La mémoire, un levier pour renforcer la solidarité active

Brigade suisse au Nicaragua : “30 ans après, Hommage et solidarité”

La mémoire, un levier pour renforcer la solidarité active

Sergio Ferrari*

 

Février 1986: une mine antipersonnel posée par la “Contra”  tue le coopérant suisse Maurice Demierre et cinq paysannes à Somotillo, au nord-ouest du Nicaragua, à la frontière avec le Honduras. Cinq mois plus tard à Zompopera, au nord, département de Matagalpa, les internationalistes Yvan Leyvraz (suisse), Joël Fieux (français) et Berndt Koberstein (allemand) et deux camarades sandinistes William Blandon et Mario Acevedo tombent sous les balles de la “Contra”. 30 années après, du 19 juillet au 28 juillet 2016, une brigade d’une cinquantaine de personnes, militants de la solidarité, associatifs ou syndicaux arrive au Nicaragua sous le thème: ‘ 2016, 30 ans après, hommage et solidarité”

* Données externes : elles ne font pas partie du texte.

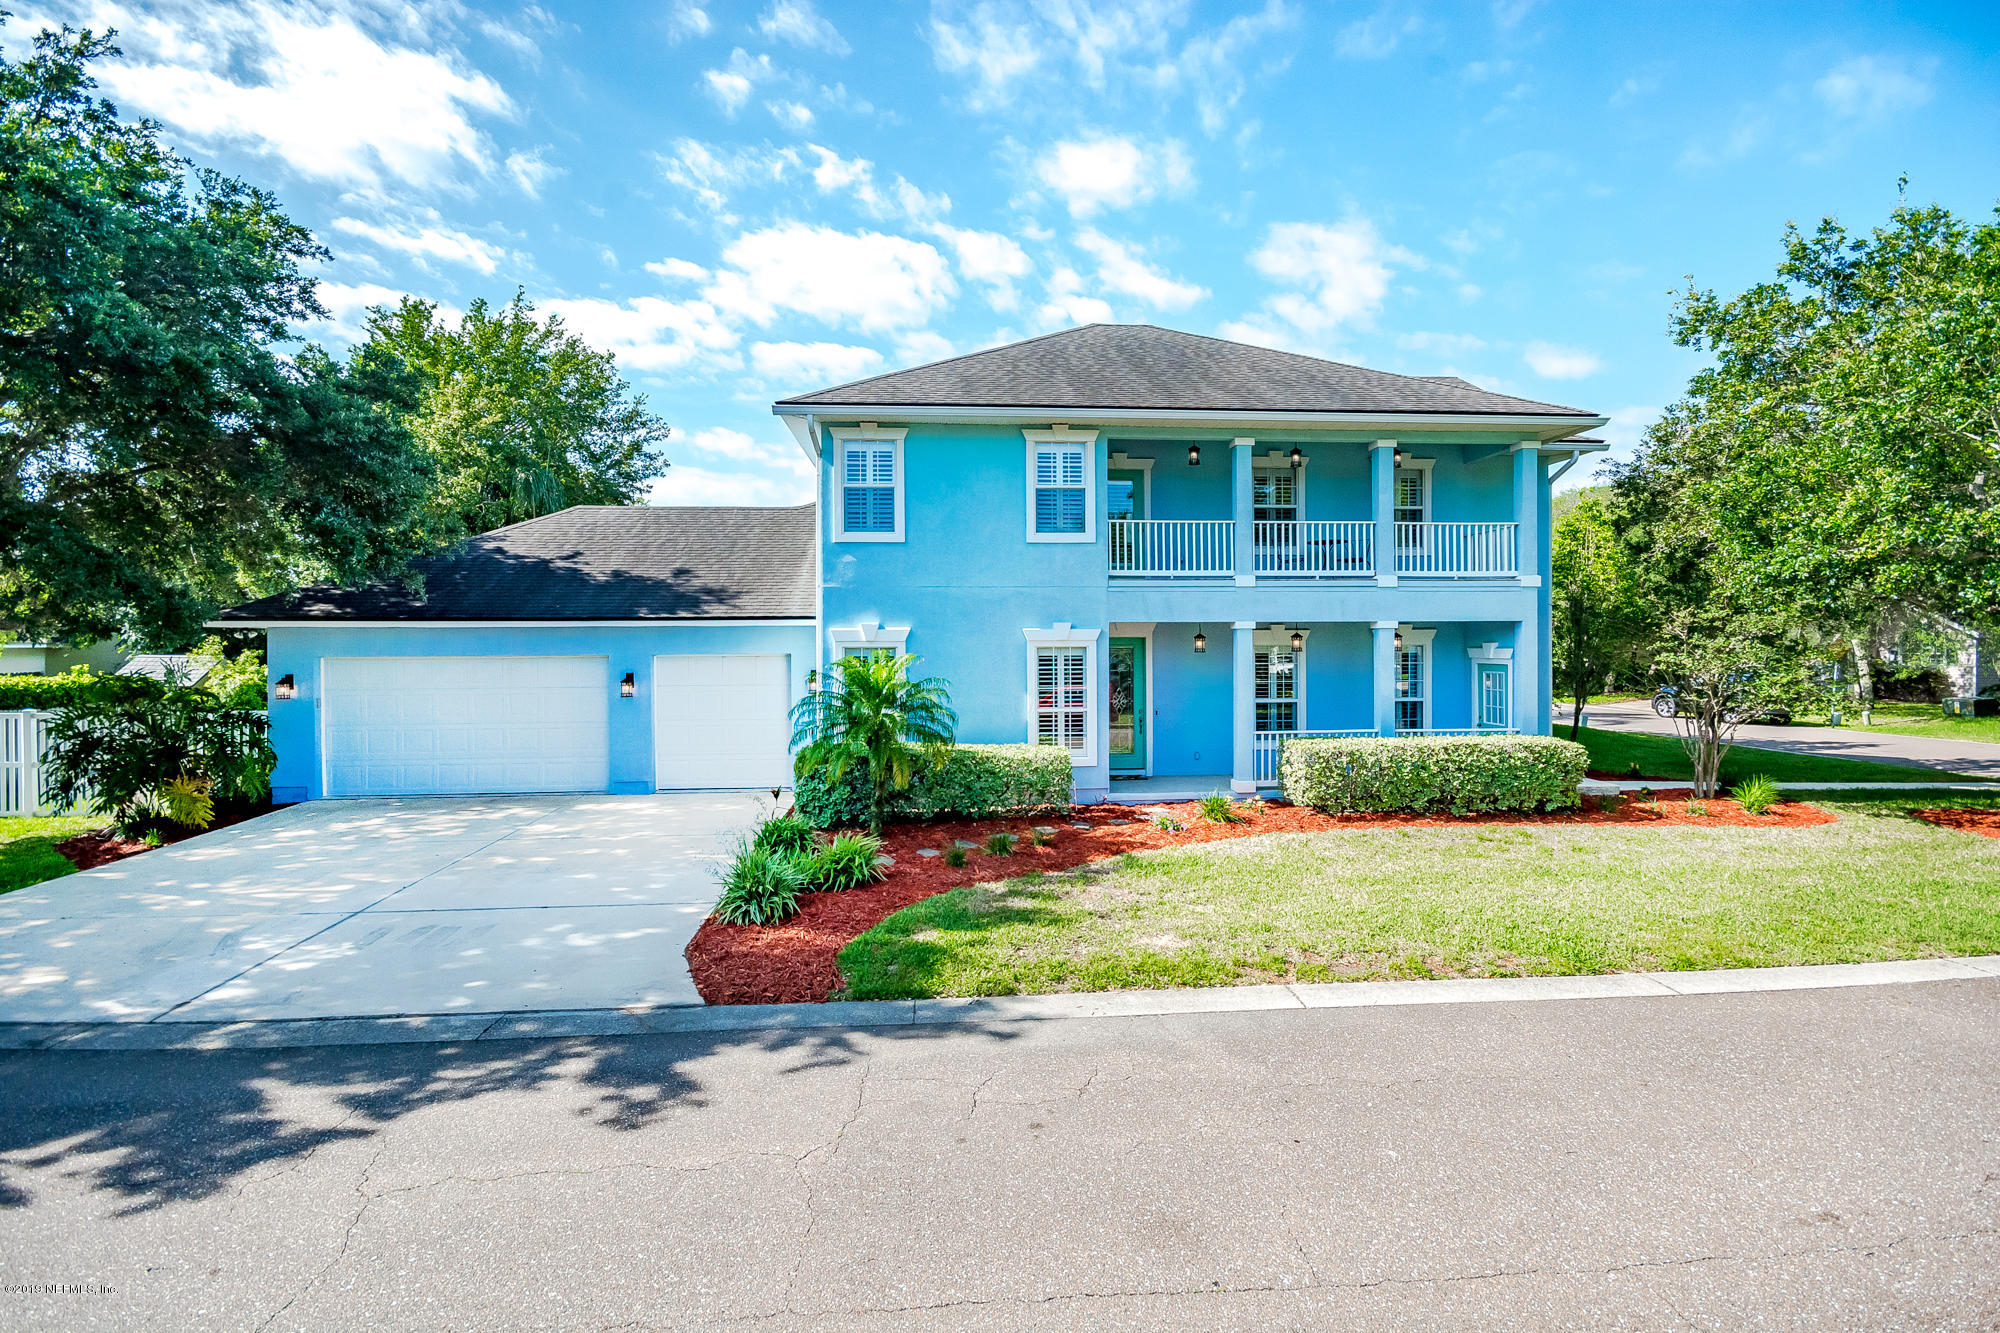 3079 MERRILL, JACKSONVILLE BEACH, FLORIDA 32250, 5 Bedrooms Bedrooms, ,3 BathroomsBathrooms,Residential - single family,For sale,MERRILL,995596

Après la victoire du Font Sandiniste de Libération Nationale (FSLN) de juillet 1979 contre la dictature de la famille Somoza commence au Nicaragua un processus – qui durera 11 ans – de transformations révolutionnaires et de construction d’une démocratie participative d’un nouveau type. A partir de 1983, avec l’appui du gouvernement des USA commence alors une guerre d’agression qui fera près de 40’000 victimes et 17 milliards de dollars de perte, l’équivalent de 40 années d’exportation selon le niveau de valeur de 1980.
Le modèle sandiniste basé sur 4 piliers – économie mixte, pluralisme politique, participation populaire et non alignement international –  entraînera une chaîne de sympathie dans le monde entier. La solidarité internationale a alors assumé la défense du sandinisme et des milliers de coopérants internationalistes et brigadistes s’intégreront à la reconstruction du Nicaragua.

 

La solidarité concrète

Le Gouvernement  Révolutionnaire a appelé les syndicats au niveau international à participer à l’effort de développement du pays, se souvient Philippe Sauvin, secrétaire de l’Autre syndicat , co-responsable des brigades ouvrières suisses entre 1984 et 1990 et un des promoteurs de la délégation qui visitera le Nicaragua en juillet prochain.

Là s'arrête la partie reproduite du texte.